Gevo’s sales plummeted 92 percent in the third quarter from the prior period after contamination issues prompted the Englewood, Colorado-based company to halt isobutanol production at Luverne. The single fermenter isn’t running at full capacity and Gruber wouldn’t say how much of the renewable biofuel it’s making.
When the rest of the fermenters are back in operation “the plant will be fully running normally,” Gruber said in an interview yesterday. “We expect ongoing sales and ramping up in the last quarter.” He declined to provide an output forecast for the year.
Gevo gained 20 percent to $2.07 at the close in New York, the most since Jan. 4.
When the plant opened in May 2012, the company said it would be able to produce as much as a million gallons (3.8 million liters) of isobutanol a month. When it shut down production four months later, Gevo said it needed to adjust the manufacturing process and that output hadn’t reached expected levels. The plant has an estimated annual capacity of 18 million gallons, according to Gevo’s website.
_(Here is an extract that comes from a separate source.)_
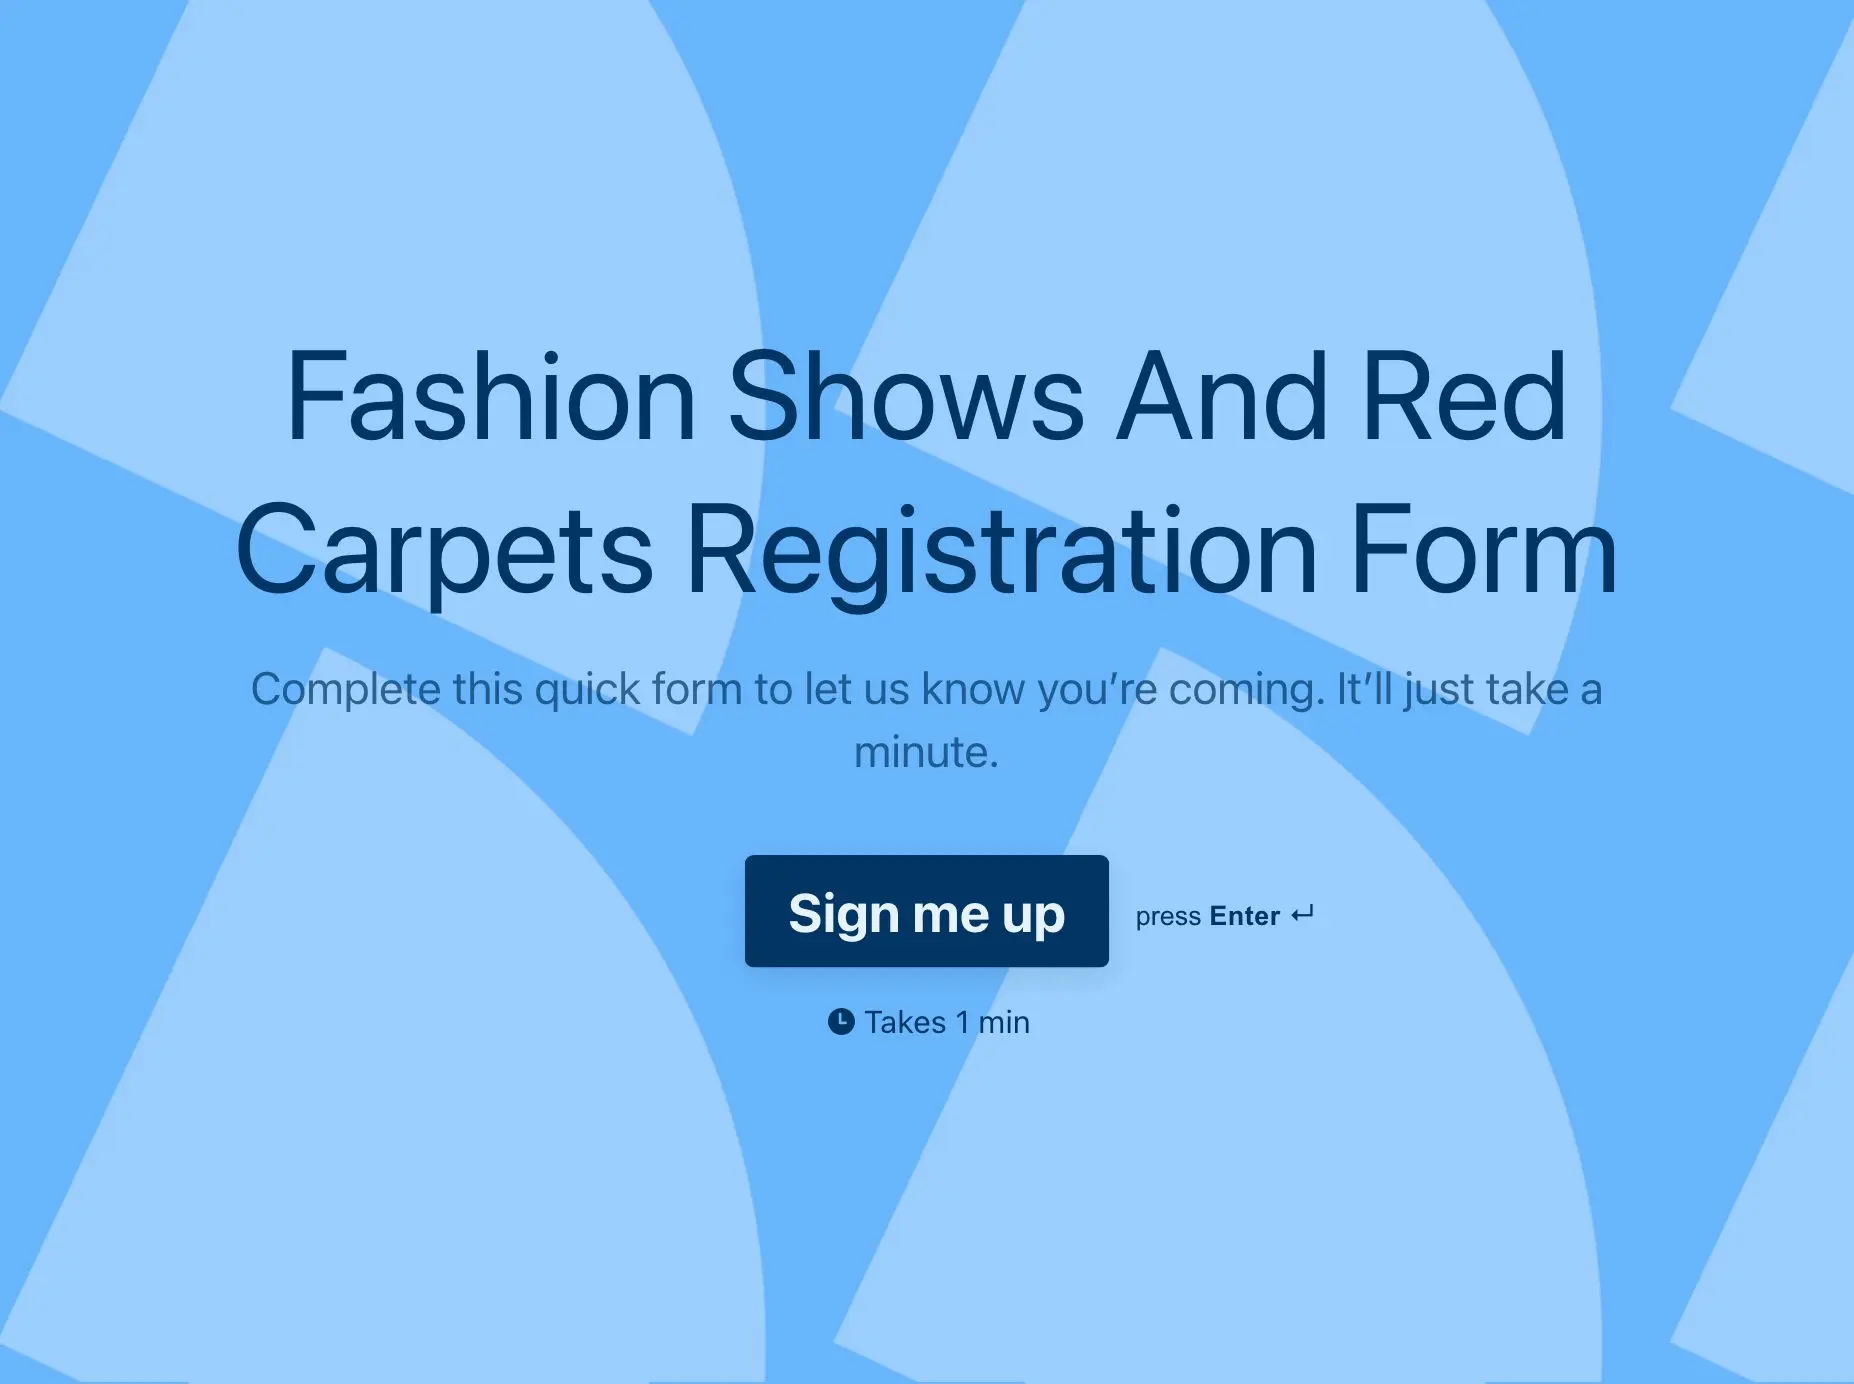 Fashion Shows And Red Carpets Registration Form Template Hero

The facility is now using the proprietary Gevo Integrated Fermentation Technology system, which separates isobutanol from a “broth” in million-liter fermentation tanks, Gruber said. It wasn’t in use when production was halted in September.
“The reason we shut down wasn’t because the technology didn’t work -- we were hit with a microbial contamination,” Gruber said. “Now we are running our GIFT system the way it was designed.”
The company said last month that isobutanol production would resume in the second half of this year, putting Gevo “slightly ahead of schedule,” Gruber said.
Gevo uses corn and plant waste to make isobutanol, a compound that may be blended with gasoline or converted into hydrocarbon fuels and chemicals.